We arrived today, had his pupils dilated and were sent away for a half hour wait before the test could take place. To cheer him up I offered to take him to Waitrose for sweets. He chose a Kinder egg. I built the toy as he chomped on the chocolate. I handed it to him, only to have him ask what it was (a Little Red Riding Hood wolf in a nightie) - I hadn't realized the dilation would make his eyes so blurred he couldn't tell what he'd got, poor wee man!
As we walked back down Byres road he pointed at the lamp posts and told me they were lovely helicopters. Oh dear - the dilated pupils were really having bad side effects :-(
Once inside the optician diagnosed long-sightedness that he should outgrow before adulthood but insisted he wears glasses before his vision sustains any permanent damage in the meantime. Poor baby :-( He has such beautiful eyes, I don't want to hide them.
I already see years of broken, lost, and temporarily misplaced glasses stretching before me. Years of glasses forgotten on visits to his father that I'll get to replace, no doubt :-( And years of hospital appointments stretch ahead again...
Specsavers now want Marcel, Charlotte and Anna tested too - though Anna will need to be done during Léon's hospital appointment as she's too young for them to cope with. Marcel is less than amused at losing his Saturday afternoon to that, to say the least, and Charlotte is very (un)helpfully saying in front of Pudgeman that she won't be seen dead in ugly glasses! Thanks, Lots! At least Pudge himself is thrilled he's getting cool Mr Tickle specs - until he tries them on anyway.
Sunday, September 05, 2010
I guess the problem with having kids later in life is that you yourself have already reached the point where time seems to be passing so quickly, you can't keep up any more!
Tuesday, August 31, 2010
Last year Thomas bought some courgette seeds at our local garden centre and we were amazed to find that nothing grew better in our wee vegetable patch than these courgettes. We had so many we even had to give some away.
We decided to become more adventurous. We bought Tuscan courgette seeds in Italy last summer for planting out this year. I mentally prepared many courgette recipes.

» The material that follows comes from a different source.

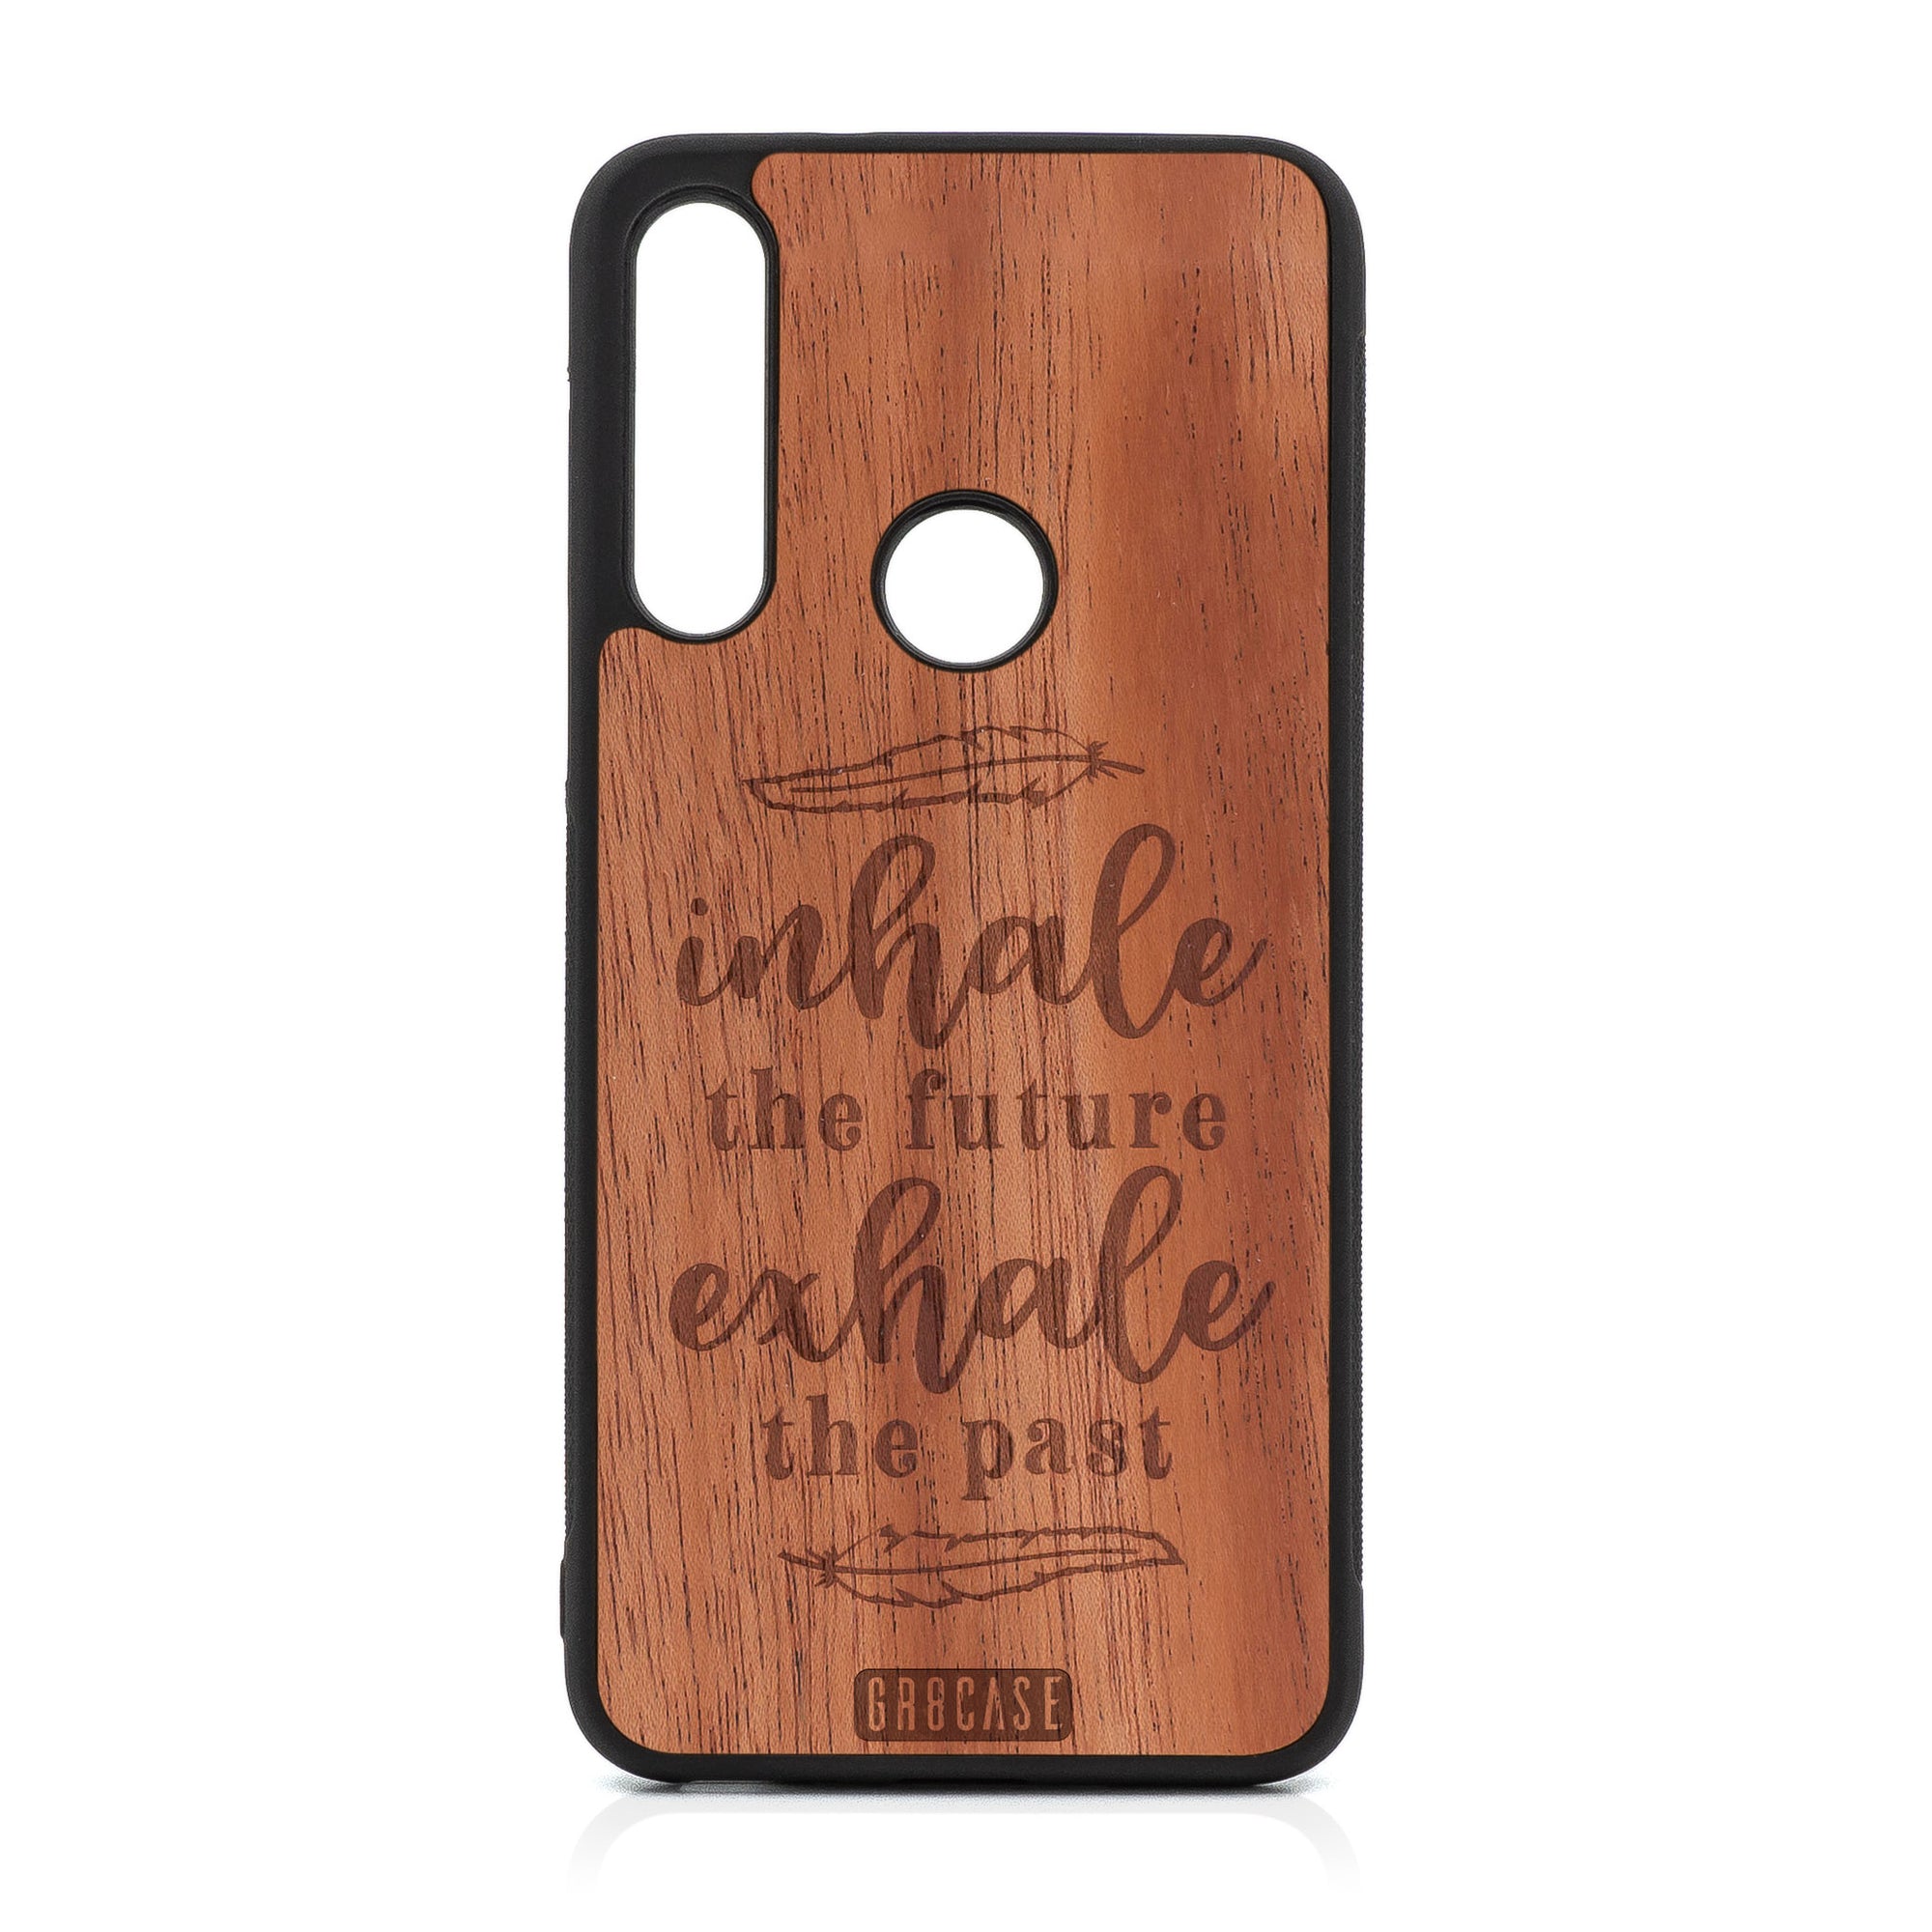 Inhale The Future Exhale The Past Design Wood Case For Moto G Fast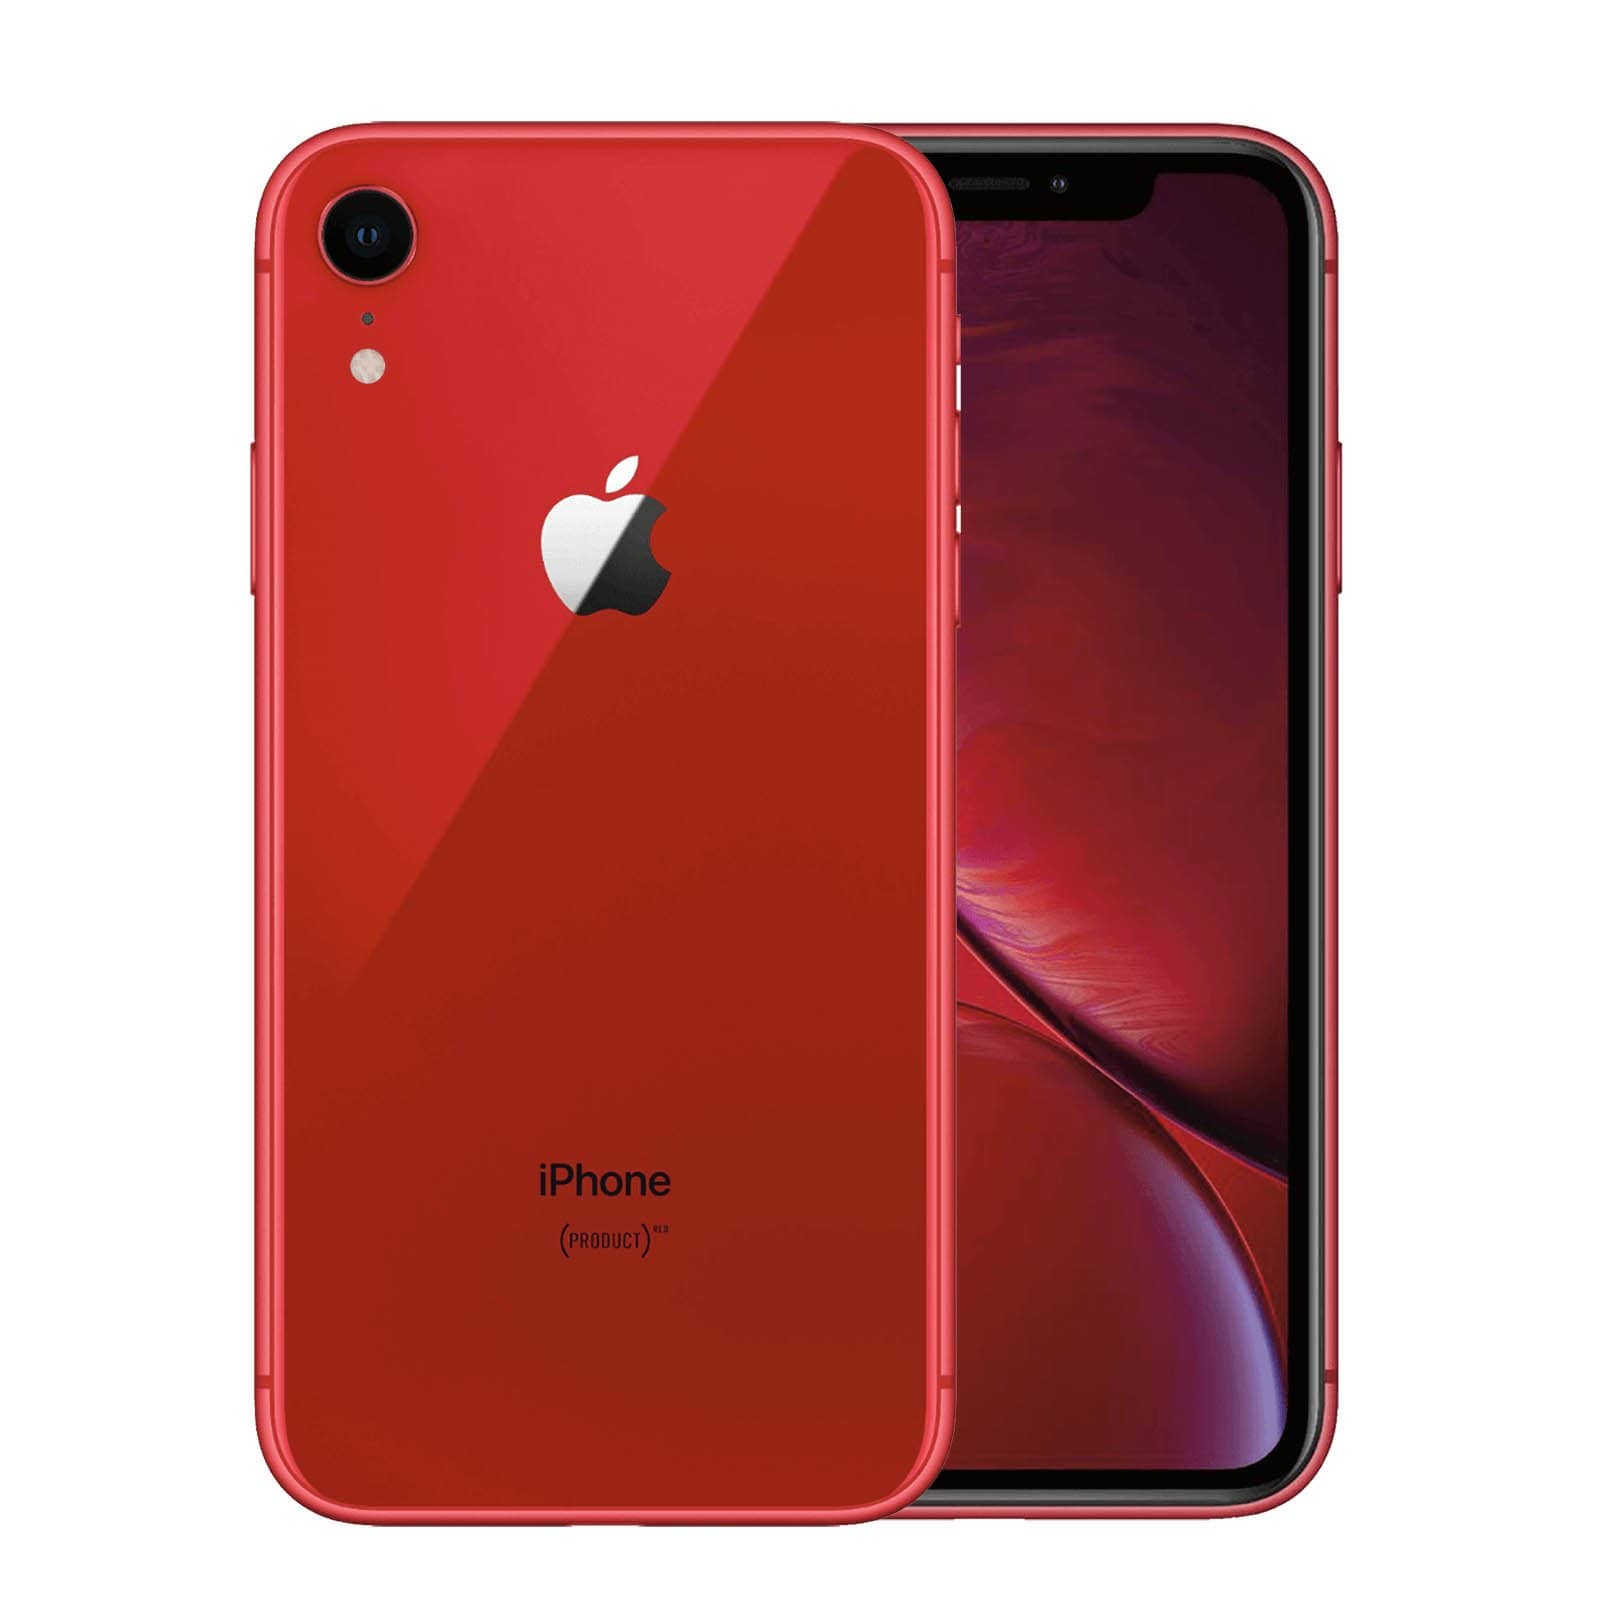 Apple iPhone XR 128GB Product Red Very Good - Unlocked

The plants currently take up a quarter of our vegetable patch so we should be eating courgettes with every meal BUT I am more than disappointed with our little Italian impostors. These plants put all their energy into growing huge yellow flowers which despite being edible and fairly flavoursome are a poor substitute for real courgettes. Worse still they offer up very few tiny spherical courgettes which are protected by large cactus-like spikes. The first time I picked one my thumb throbbed and bled for two days. Although these are delicious, there are so few I feel like our whole vegetable patch has spent the entire summer creating a mere half dozen vegetables.
And I never expected to be savaged by a member of my beloved courgette family.